Now for this test, I decided not to abuse any missionary attrition. I wanted to see how good this was straight up, so I had Open Borders on. That said, Babylon's holy city was only taking 500 pressure at a time.... which was very strange because I didn't see any holy buildings for the beliefs. The other cities took 900 pressure at a time. I generally bombed them until the culture dropped to 90, then I moved on to another city.

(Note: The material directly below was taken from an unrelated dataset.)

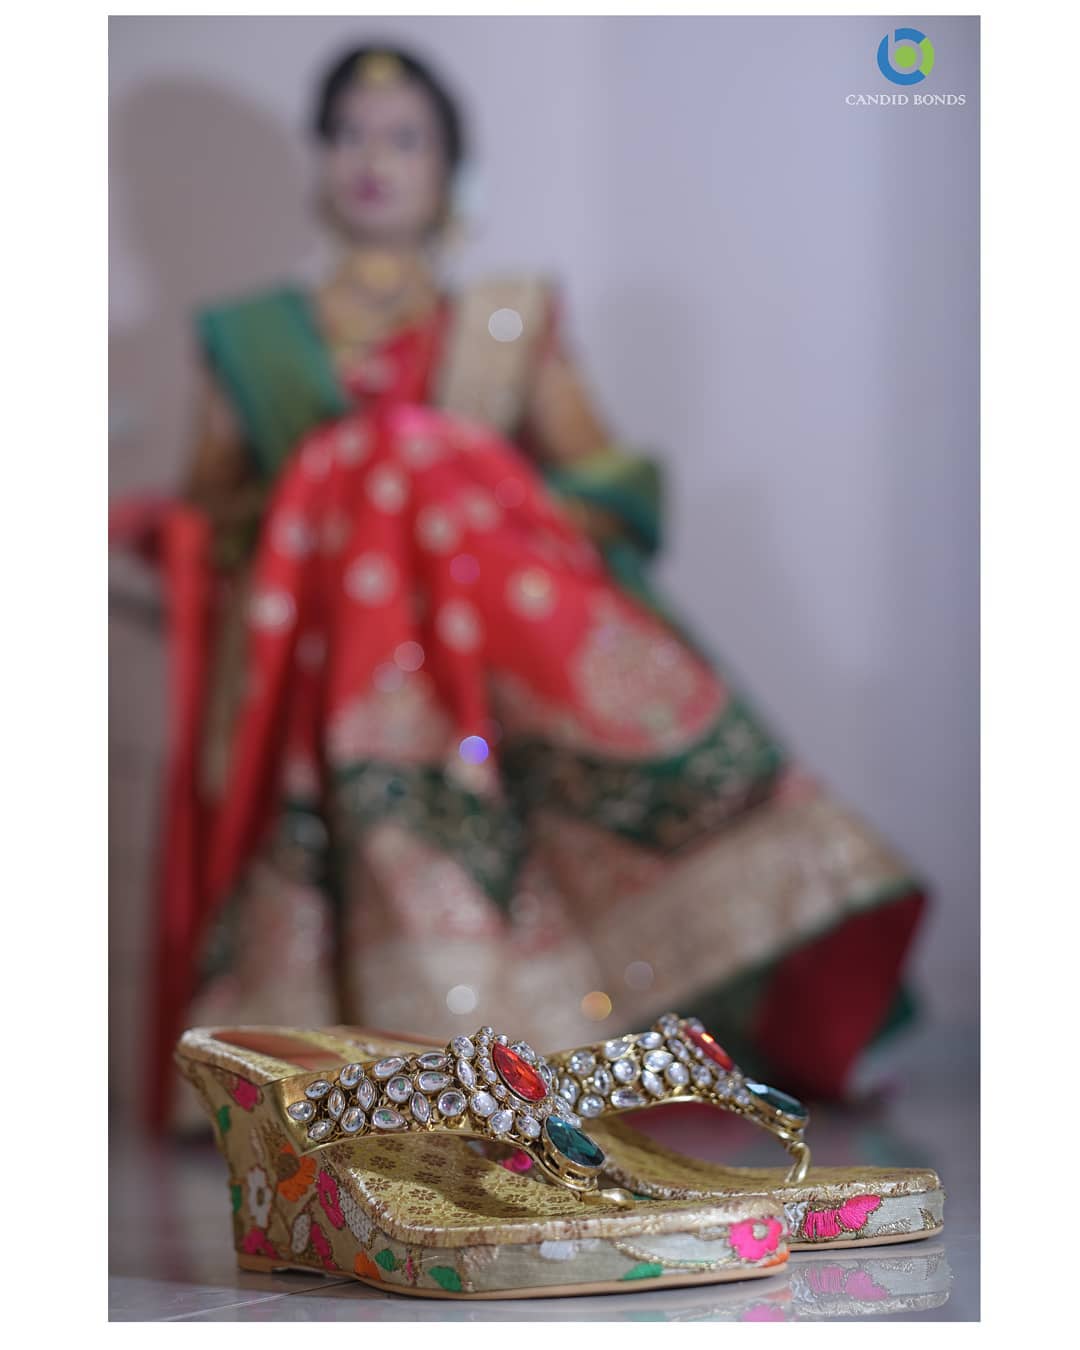 comfortable bridal shoes

I converted all of Babylon, a bit of Denmark, and a couple of CS. Ultimately I wasn't trying to be super optimal, just converting the cities I found along the way.

After the dust settled by Turn 200, here are the stats:

Culture Gained: 20,477
Faith Spent: 6,560
Culture Per Faith: 3.17
Culture Per Faith (removing Byzantium's 15% discount): 2.71

Missionary Charges: 141 (Avg: 2.61 charges per missionary....aka some missionaries were before borobadur, and I used a few charges to finish my own city conversions).
Avg Culture Per Charge Spent: 145 (this is probably the best metric because this ignores the faith spends that have a Byzantium bias and just shows us raw missionary efficiency. Aka for any civ, even one with lower faith....could expect this kind of efficiency)

Culture Conclusions: So I already knew that WOTP scaled well into the late game....but what this run showed me was just how good WOTP can be in the midgame. These are very good numbers, 145 culture per charge is honestly as good as AP is in the initial expansion phase, and this belief maintains it a lot longer. While it does take longer for this to ramp up compared to AP....it holds its strengths for much much longer. Further, in this run I was mostly isolated, and my neighbor did not have their own religion. Had I been more religiously crowded, I could have gotten those culture numbers even sooner.

Overall I was incredibly impressed with WOTP culture output, and I now agree with the other posters in this thread that it blows AP away in terms of culture output.


Tourism Notes
So I've often said that tourism in the early game does so little I basically ignore it as a yield. However, WOTP provides such a powerful and focused tourism benefit that it actually needs to be accounted for. I produced ~17,500 tourism to Babylon along the way (rough number, I didn't track it precisely but I have ~20k right now and other civs I haven't bombed are about 1500). That is enough to be influential for days...which this early in the game does mean something from a trade route perspective. The fealty finisher actually works really well here. I had the 10% open borders bonus, but then once I hit the tipping point and made Babylon my religion, I was now getting a 50% tourism boost from shared religion. That combined with the bombs gave me an exceptional tourism push.

Thanks for doing this. I don't think that any other founder converts faith to culture at the same rate?

Tradition Celts with WotP and veneration is a very strong culture engine. Veneration is relatively better for smaller empires. For the Celts, they don't generate foreign pressure, so WoTP is especially strong. The tourism makes trade routes give growth, which really helps for tradition. I actually managed to win a 5 city Immortal tourism victory with this strategy, on an incredibly easy map. (Mountains made it so that there were only three mountain passes to access my empire, and a coast.)